A "European Movement" was founded after the historic Congress of The Hague in 1948, which called for a European Parliament. The resolutions adopted by this Congress forced the European Governments to effect some move in the direction of European integration, and the Council of Europe was born in 1949. Symbolically, Strasbourg was chosen as its seat.

Relations between the Soviet Union and its satellites on the one hand, and the United States and Western Europe, on the other, worsened, and the West came to feel that the guarantees of collective security embodied in the Charter of the United Nations were not sufficient. Therefore twelve Western nations signed the North Atlantic Treaty in 1949, its main provision being that should one of the signatories be attacked, the others would consider this as being an attack against them all.

Thus, in the late forties, there were two main forces at work in Europe. The one was fear of the Soviet Union, and it led to the North Atlantic Treaty, and the other was an urge to unite, with the hope that the result would be a Third Force strong enough to become a balance between the Soviet and American colossi.

The Korean War brought a shock to unarmed Western Europe. Overnight Marshall aid changed from an economic to a military character. Moreover it was feared that the German vacuum was an invitation to stage another Korea in Western Europe. This prompted the United States to advocate German rearmament, as German was the only country with a large untapped source of manpower.

The European urge to unite, which had been manifested a few months earlier by the advocacy of the Schuman Plan to pool Western Europe's coal and steel resources, and American insistence on German rearmament, were combined into one policy which became known as the Pleven Plan, forerunner of the European Defense Community: Germany was to be rearmed within the framework of a Western European organization, with supra-national powers in the field of defense.

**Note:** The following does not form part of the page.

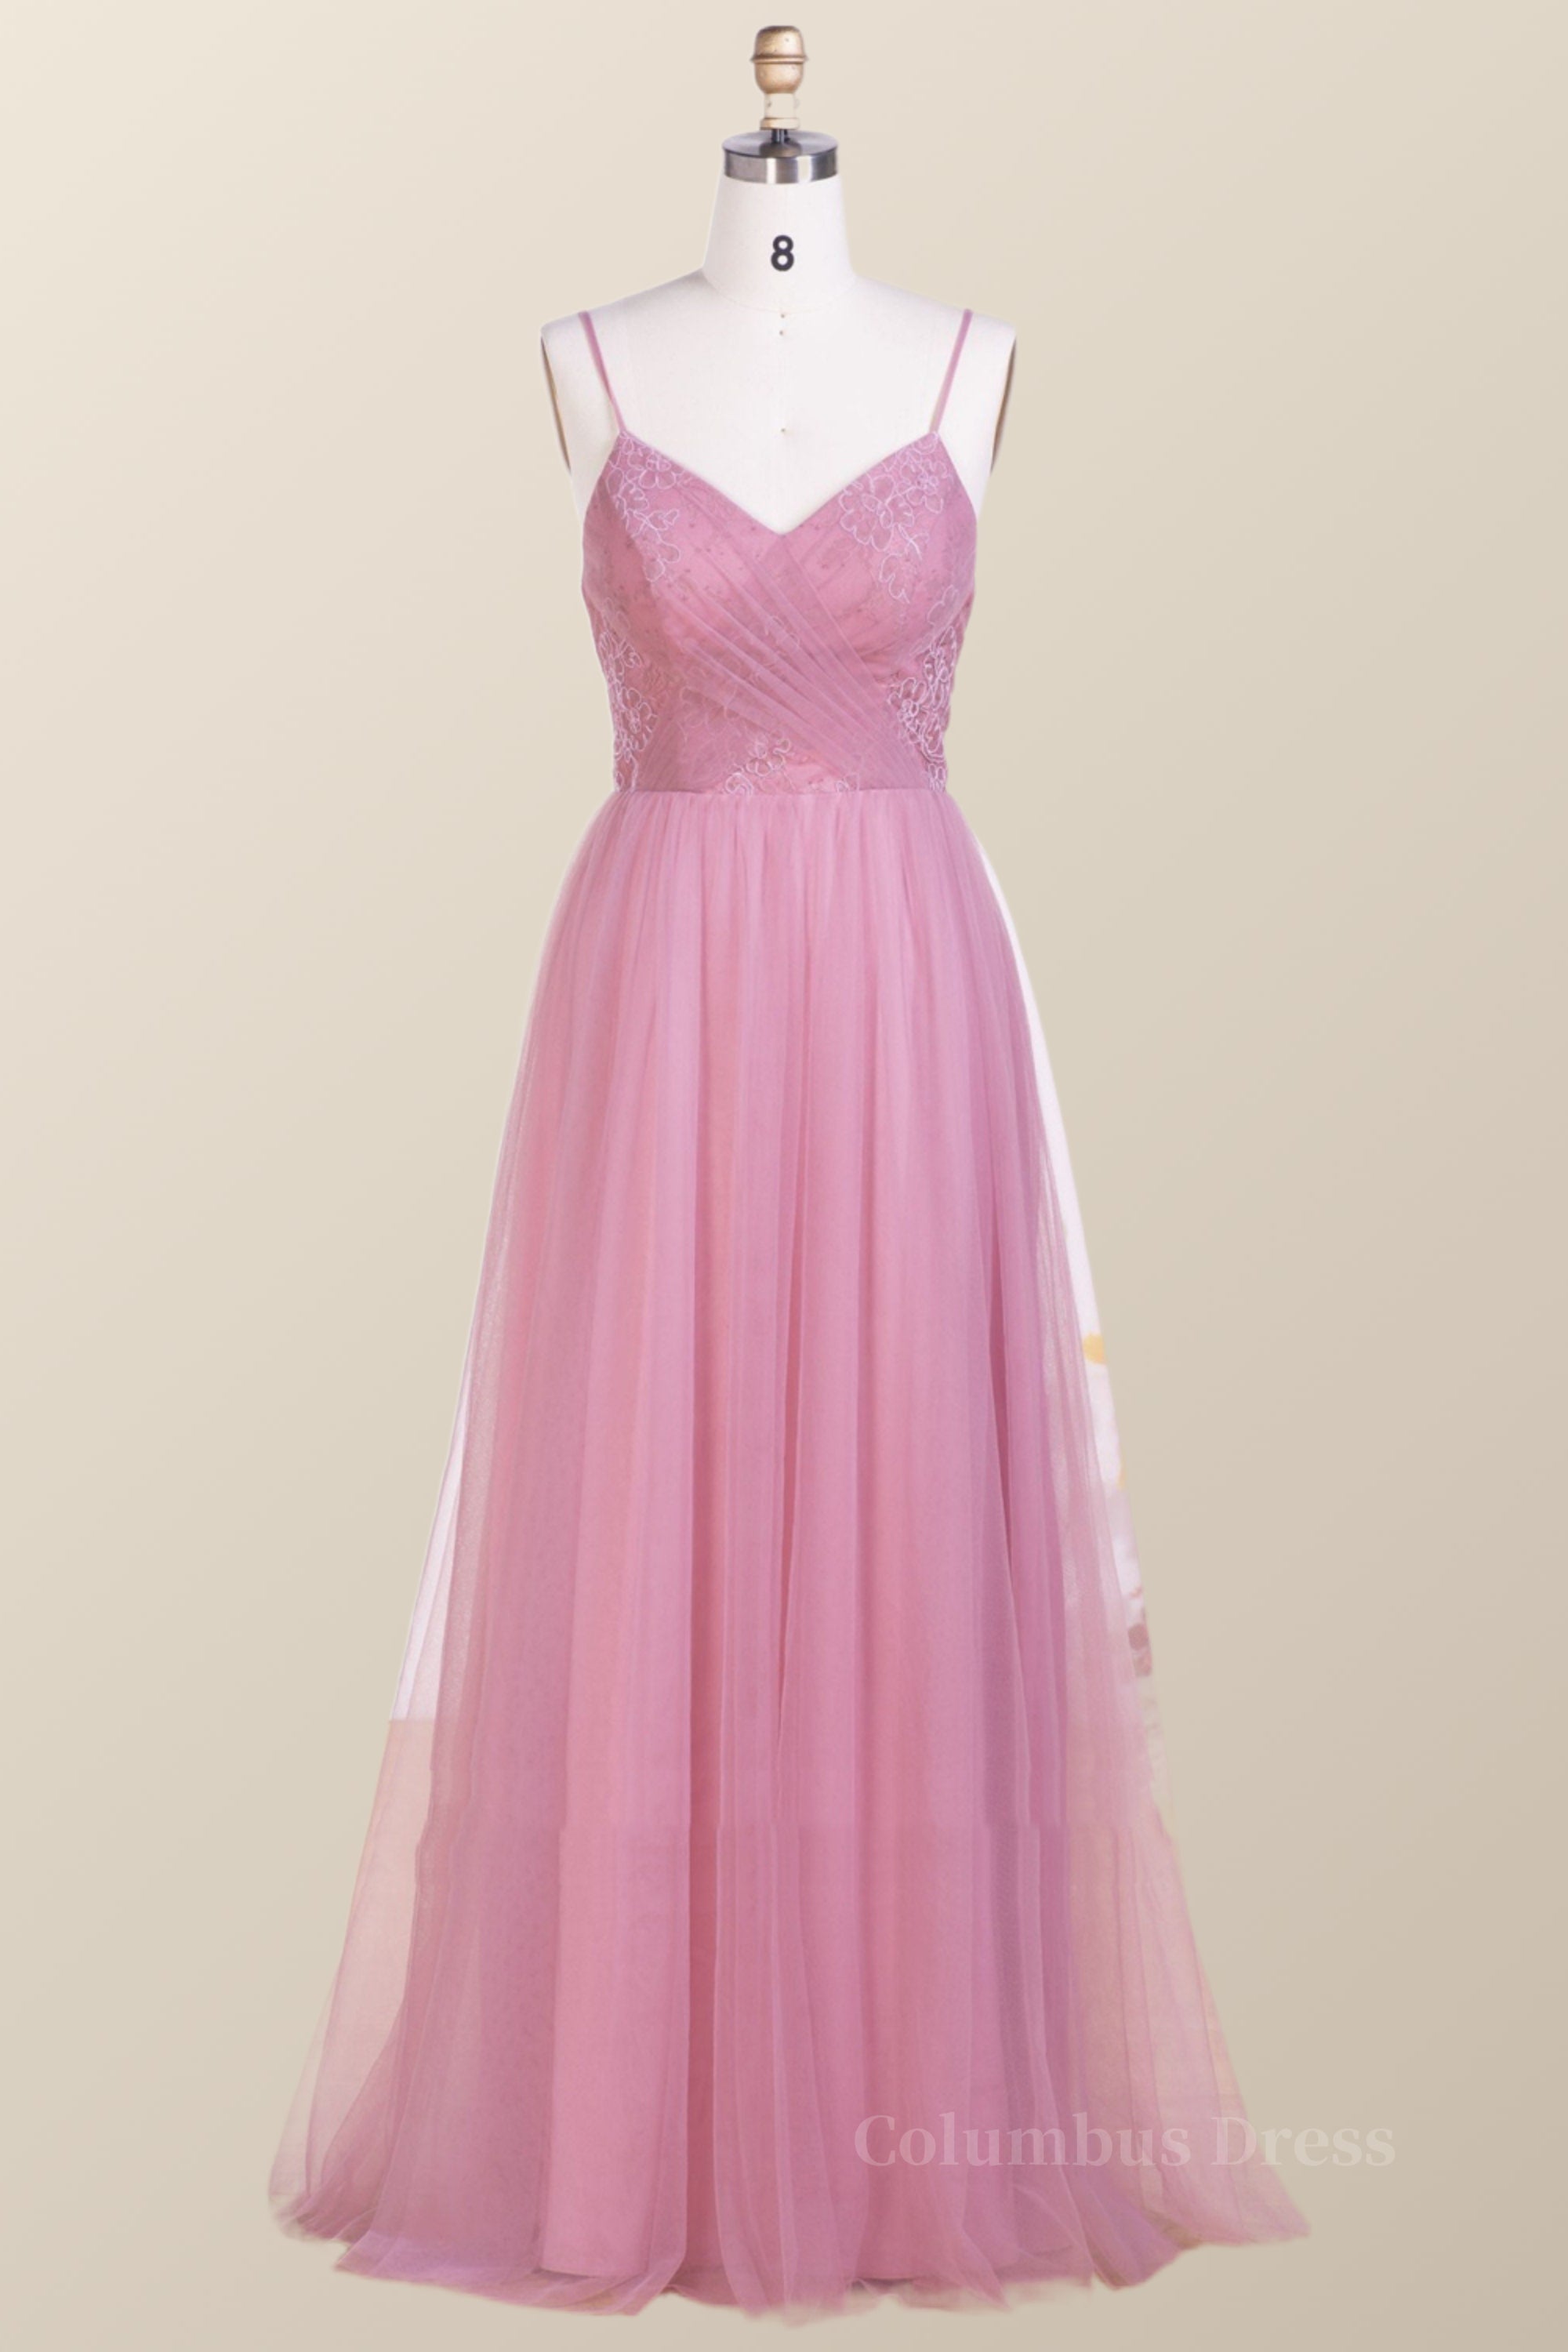 Straps Blush Pink Pleated Tulle Long Corset Bridesmaid Dress outfit, Formal Dresses Graduation

The purpose of this study is to analyze the struggle for the European Defense Community. To do justice to the subject, it would be necessary to write a comprehensive post-war European history. This not being possible, the author has decided to include in his study only the smallest possible amount of outside material not directly necessary to the understanding of the E.D.C. The basic assumption in this thesis is that the reader is familiar with general developments of post-war history, with the names mentioned in the text, with the working of the Organizations which have a stake in the E.D.C. (North Atlantic Treaty Organization, Council of Europe, European Coal and Steel Community).

The study is divided in three main parts: a political and military history of the E.D.C., an analysis of the Treaty, and a brief historical and political account of the fight for the E.D.C. in the six participating nations, the United Kingdom and the United States.

Only those facts deemed by the author to be the most important have been included. He has tried to show the political tug of war involved in the framing and subsequent fight for ratification of the E.D.C. Many different factors, people, factions, organizations, governments, have had a hand in the drafting of the Treaty. As many have fought it tooth and nail. Even where it has been ratified, there is a constant struggle to reverse the country's position. France and Italy have so far failed to ratify the E.D.C., but there are signs pointing to probable ratification by Italy, and possible ratification by France, in the near future. When this comes about, Europe will engage in one of the boldest experiments of modern times: the fusion, under supra-national control, of its armed forces, and the marshalling of its economic power to support its unified army.